In Part 1 of this article, we covered the concept and implementation of sharding in NewSQL. In Part 2, we will discuss in further detail about distributed transactions and database governance.
As mentioned in the previous article, database transactions must meet the Atomicity, Consistency, Isolation, and Durability (ACID) standard:
On a single data node, transactions that can be accessed only by a single database resource are called local transactions. However, in the SOA-based distributed application environment, more and more applications require that the same transaction can access multiple database resources and services. To meet this requirement, distributed transactions have emerged.

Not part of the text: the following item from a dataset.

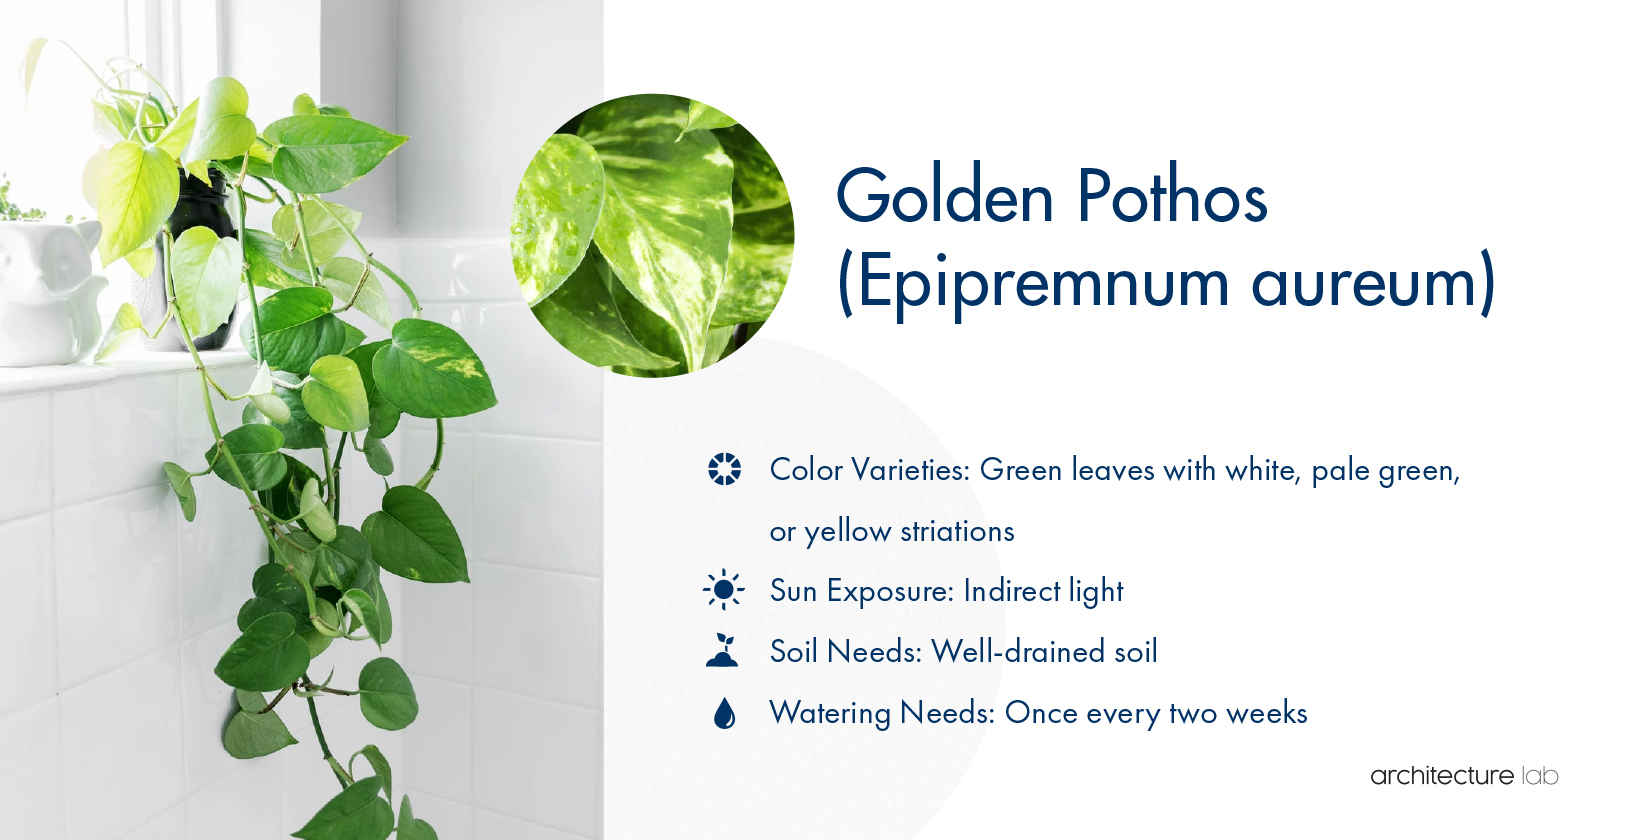 3. Golden pothos (epipremnum aureum)

Although relational databases provide perfect native ACID support for local transactions, they inhibit system performance in distribution scenarios. The top priority for distributed transactions is how to either enable databases to meet the ACID standard in distribution scenarios or find an alternative solution.
The earliest distributed transaction model was X/Open Distributed Transaction Processing (DTP), or the XA protocol for short.
In the DTP model, a global transaction manager (TM) is used to interact with multiple resource managers (RMs). The global TM manages the global transaction status and the resources involved in the transactions. The RM is responsible for specific resource operations. The following shows the relationship between the DTP model and the application:
The XA protocol uses two-phase commit to ensure the atomicity of distributed transactions. The commit process is divided into the prepare phase and the commit phase.
The following figure shows the transaction process of the XA protocol:
XA transaction process
Two-phase commit is the standard implementation of the XA protocol. It divides the commit process of a distributed transaction into two phases: prepare and commit/rollback.
After an XA global transaction is started, all transaction branches lock the resources based on the local default isolation level and record the undo and redo logs. Then, the TM initiates a prepare vote to query all the transaction branches whether the transaction can be committed. If all the transaction branches reply "yes", the TM initiates commit again. If a reply is "no", TM initiates rollback. If all replies in the prepare phase are "yes" but an exception (such as system downtime) occurs in the commit process, after the node service is restarted, the transaction is committed again based on XA_recover to ensure data consistency.
The distributed transactions implemented based on the XA protocol are not intrusive for the business. Its greatest advantage is the transparency to users. Users can use XA-based distributed transactions the same way they use local transactions. The XA protocol can rigidly implement the ACID standard of transactions.
However, the rigid implementation of the ACID standard of transactions is a double-edged sword.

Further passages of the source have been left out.